Las mediciones de viscosidad de las formulaciones preparadas como se ha descrito anteriormente se realizaron con un viscosímetro de cono y placa DV-IIT LV (Brookfield Engineering, Middleboro, MA). El viscosímetro estaba equipado con un cono CP-40 y funcionaba a 3 rpm y 25 grados C. La formulación se cargó en el viscosímetro a un volumen de 0,5 ml y se dejó incubar a la velocidad de cizallamiento y temperatura dadas durante 3 minutos, seguidos de un periodo de recogida de mediciones de veinte segundos. A continuación, se realizaron dos etapas adicionales consistentes en 1 minuto de incubación de cizallamiento y un período posterior de recogida de mediciones de 20 segundos. Los tres puntos de datos recogidos se promediaron y se registraron como la viscosidad de la muestra. Las viscosidades de las soluciones con excipiente se normalizaron con respecto a la viscosidad de la solución de proteína modelo sin excipiente, y se resumieron en la tabla 6 a continuación. La viscosidad normalizada es la relación entre la viscosidad de la solución de proteína modelo con excipiente y la viscosidad de la solución de proteína modelo sin excipiente.
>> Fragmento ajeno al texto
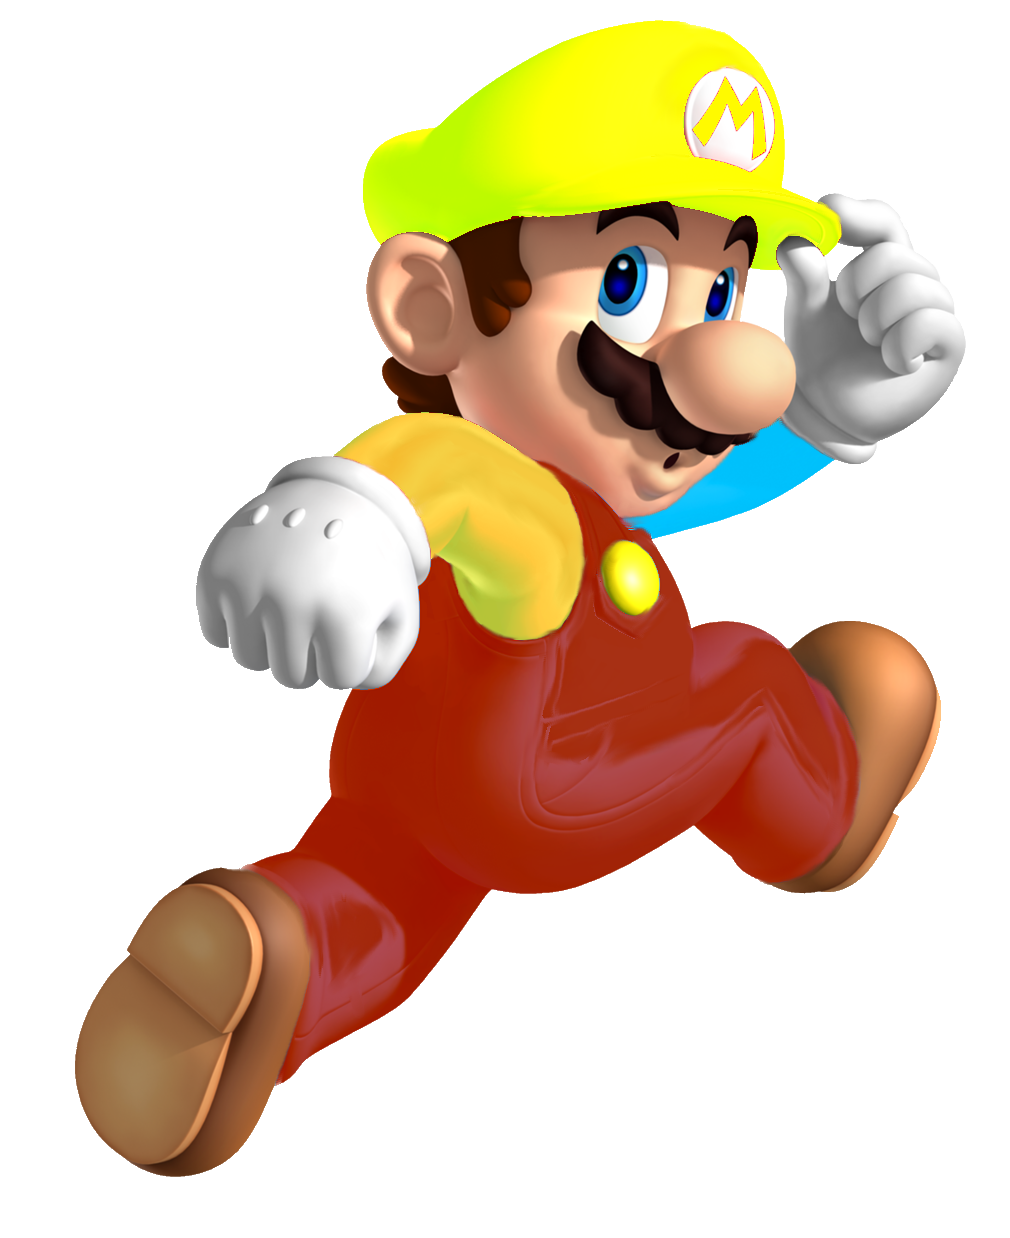 Image - Random Mario.png - Fantendo, the Nintendo Fanon Wiki - Nintendo ...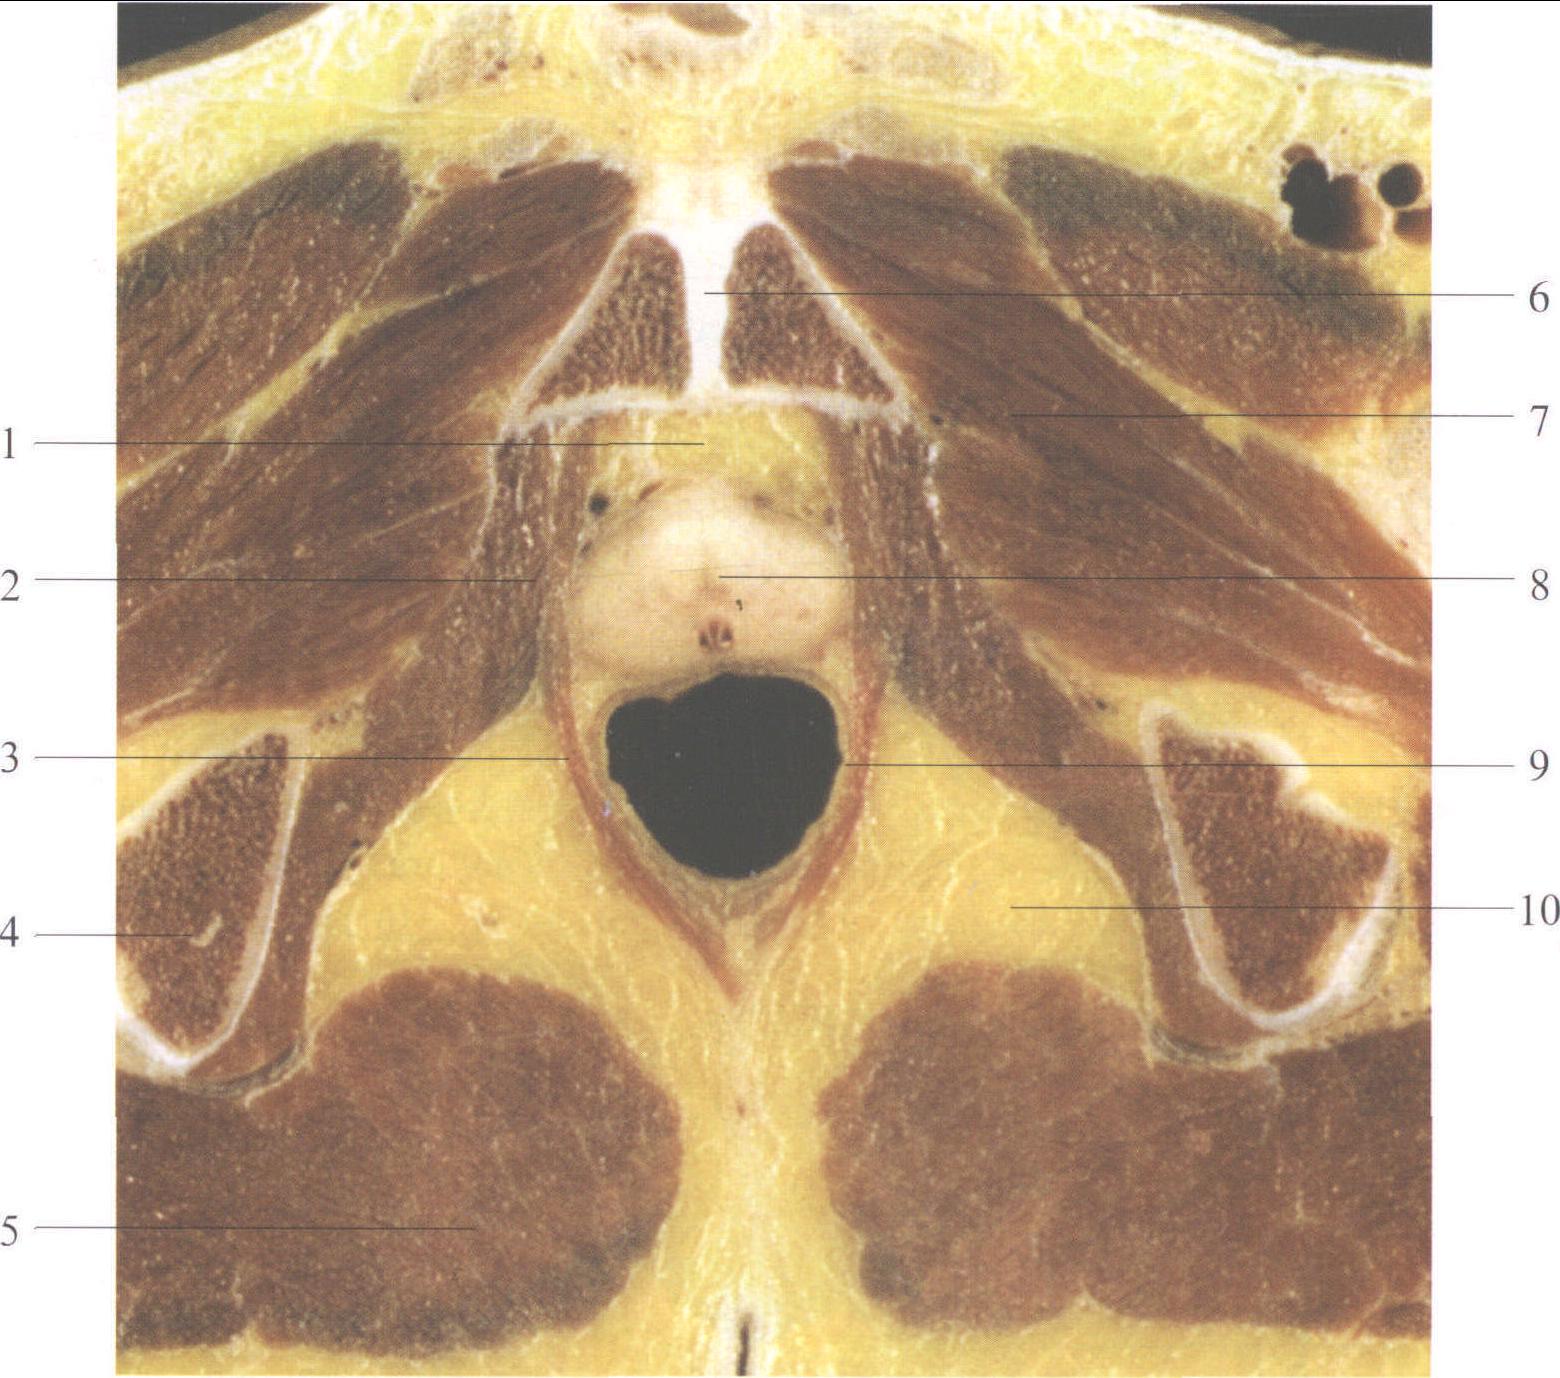 图4-12 前列腺和精囊的结构-泌尿外科临床解剖学-医学

El ejemplo muestra que una combinación de excipientes primarios y secundarios puede dar un mejor resultado que un único excipiente.

TABLA 6

Ejemplo 12: Preparación de formulaciones que contienen compuestos excipientes y PEG

Materiales: Todos los materiales se adquirieron en Sigma-Aldrich, St. Louis, MO. Se prepararon formulaciones utilizando un compuesto excipiente y PEG, donde el PEG pretendía simular una proteína terapéutica PEGilada que se utilizaría en una formulación terapéutica. Tales formulaciones se prepararon mezclando volúmenes iguales de una solución de PEG con una solución del excipiente. Ambas soluciones se prepararon en un tampón Tris compuesto por 10 mM de Tris, 135 mM de NaCl y 1 mM de ácido trans-cinámico a un pH de 7,3.

La solución de PEG se preparó mezclando 3 g de Poli(óxido de etileno) de Mw promedio ~1.000.000 (Aldrich Catálogo # 372781) con 97 g de la solución tampón Tris. La mezcla se agitó durante toda la noche para su completa disolución.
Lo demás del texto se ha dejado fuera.